Why is the role of a project manager important?

project management cohesion

Have you ever asked yourself why the role of a project manager is important?

Many people may think that project management is an easy task and everyone can do it.

So, why should organization recruit project managers or pay external project managers to manage their projects? After all, having a project manager, costs a lot to an organization…

First of all, project management means much more than following a schedule and budget. It means not only monitoring the project from the start to the end in order to deliver the product by respecting the deadline, the budget and the scope needed. It means also aligning the vision of everyone more or less impacted by the project (customers, sponsors, suppliers, team members and support) in order to cover all project requirements, challenges, risks and constraints.

Here are some reasons why project management by a project manager is necessary and important:

Dealing with people:

Have you ever seen a successful football team without a leader? Have you ever seen a boat travel without a captain? That’s the same logic for project management.

In all projects, dealing with people is the biggest part of the project manager’s activities. In that case, knowing how to deal with people and being a good leader is important for a project manager.

A project manager should know how to be a good leader, identify clear objectives, help the team stay focused, make sure that everyone knows exactly his/her responsibilities, be capable to work with all stakeholders, share a clear vision with the team and lead them in order to succeed the project.

Ensuring alignment:

This is another reason why project management matters. A project manager helps align the delivery of the projects with the strategy, the vision and the goals of the organization, and must help the team get on the same page of what’s needed.

In order to make sure that all the team, including customers, sponsors and executing team members are aligned, a project manager should be a facilitator, good communicator, ambassador and capable to adapt different vocabularies and jargons.

A project manager should also ensure that the delivery will give an added value aligned with the business strategy.

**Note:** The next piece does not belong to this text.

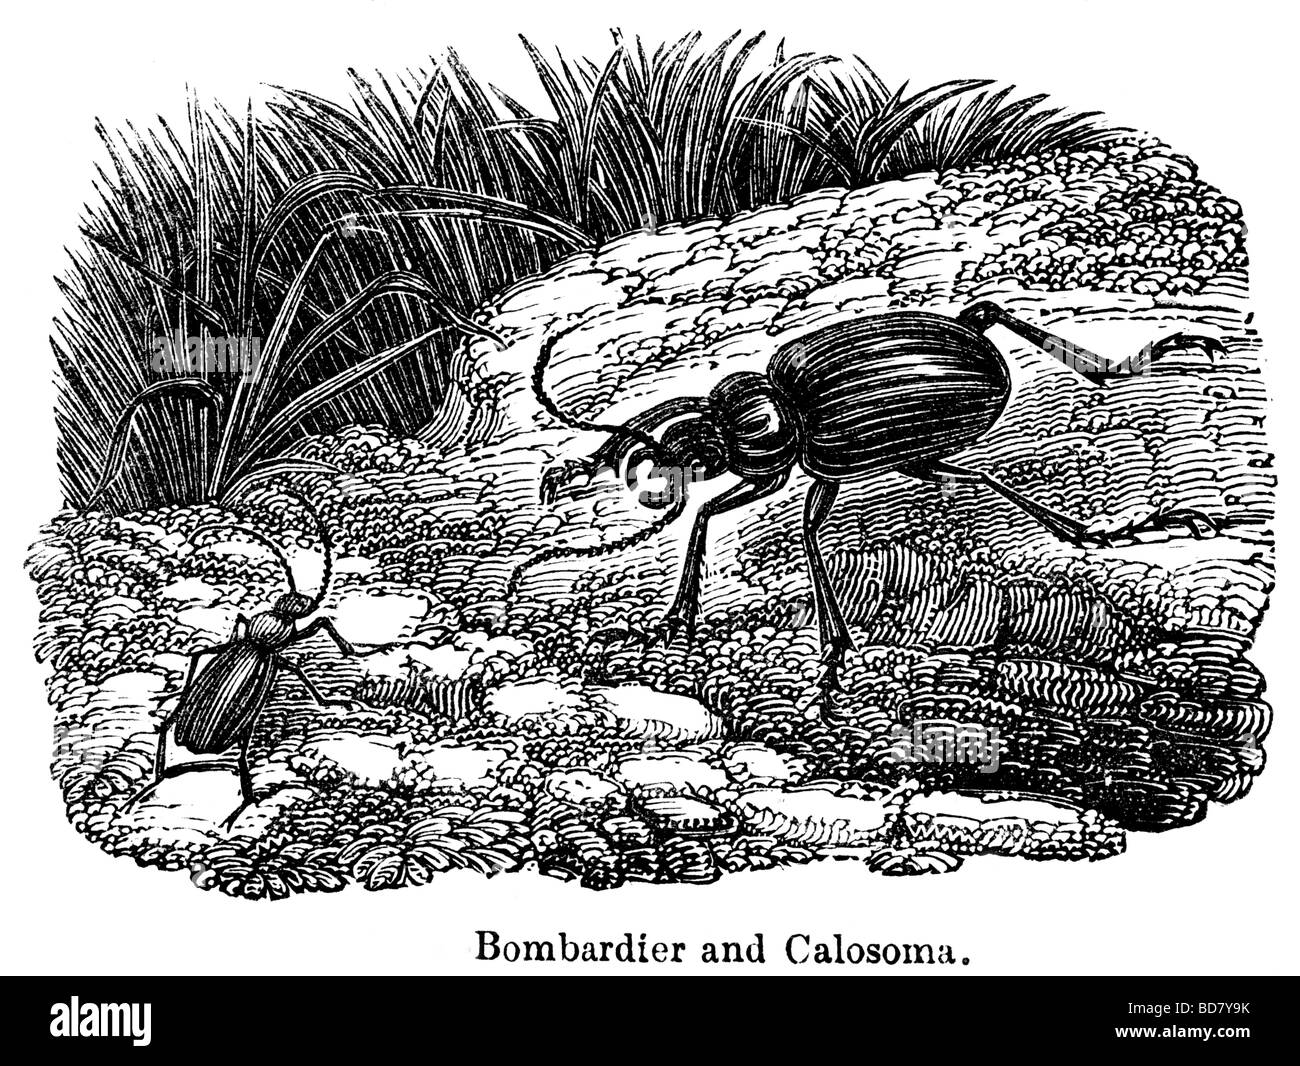 bombardier and calosoma Stock Photo

For that, it’s important, that a project manager knows enough about the organization and the business.

Managing internal and external constraints:

Project management is important because it ensures that all constraints are under control.

A project manager spends his time managing internal and external constraints, such as controlling costs, schedule, quality, scope and managing changes.

Controlling costs:

Project managers are constantly keeping a watchful eye on the costs in order to ensure that they are all considered and that the projects will not cost more than the allocated budget.

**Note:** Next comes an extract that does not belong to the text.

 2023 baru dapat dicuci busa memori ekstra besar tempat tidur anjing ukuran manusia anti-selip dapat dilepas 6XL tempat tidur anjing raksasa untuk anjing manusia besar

Project managers try also to identify all risks that can make a project over cost, and mitigate them by anticipating actions to avoid increasing costs.

In case that a project will cost more than what is being forecasted, project managers go to sponsors, justify the additional needs and try to negotiate an additional budget.

Controlling schedule:

Nowadays, we are living in a world where the competition is more and more intense. This competition usually puts projects under pressure. To make sure that there is a good atmosphere during the project, project managers plan a reasonable schedule and monitor it in order to deliver the necessary product/service on time.

In that case, project management is important, because project managers can influence factors that lead to delays. For example, they can negotiate to start by all critical activities with added value and omit or let certain irrelevant tasks at the end. They can anticipate the lack, absence or departure of certain resources to ask sponsors for having more resources at the right time. They can help teams fixing their problems in order to get the delivery timeline respected.

Controlling quality:

To meet the needs of the sponsors and satisfy customers, project management is important because project managers ensure the quality of the products or services that are being delivered.

During each phase of the realization, the project managers include a testing stage to control that what is being produced is conform with what was requested and responds to what was expected.

Controlling scope and managing changes:

These two concepts are linked together. Project managers continuously monitor the status of the project and manage changes that may impact the scope baseline.

The activities required for controlling scope and managing changes are necessary because they help stakeholders, including team members stay focused on what should be delivered in order to succeed the project. For that, project managers should make clear the actual scope and control it in order to ensure that what will be delivered is completed and meet the expectation. During the project life cycle, changes may happen, so project managers get ready to welcome change when these seem to be relevant in order to maximize the customer satisfaction.

Inspect and adapt:

Project managers are known to learn continuously and they are actions and results oriented.

Project managers learn continuously from what went well and what went wrong within their projects. Thanks to lessons learned, retrospective or inspect and adapt sessions, they list things that were successful in order to keep them. They identify things that should be done differently to start them in their future projects and list mistakes and things that should be stopped. Last but not least, they celebrate with the team the accomplishments and don’t hesitate to congratulate them for the work that was done.


To conclude, project management is very important for any organization that handles projects.

Without project managers, projects will simply fail or will be over budget or will be delivered late. Project management matters, because project managers help teams to stay motivated and focused on what they know to do in order to deliver an added value.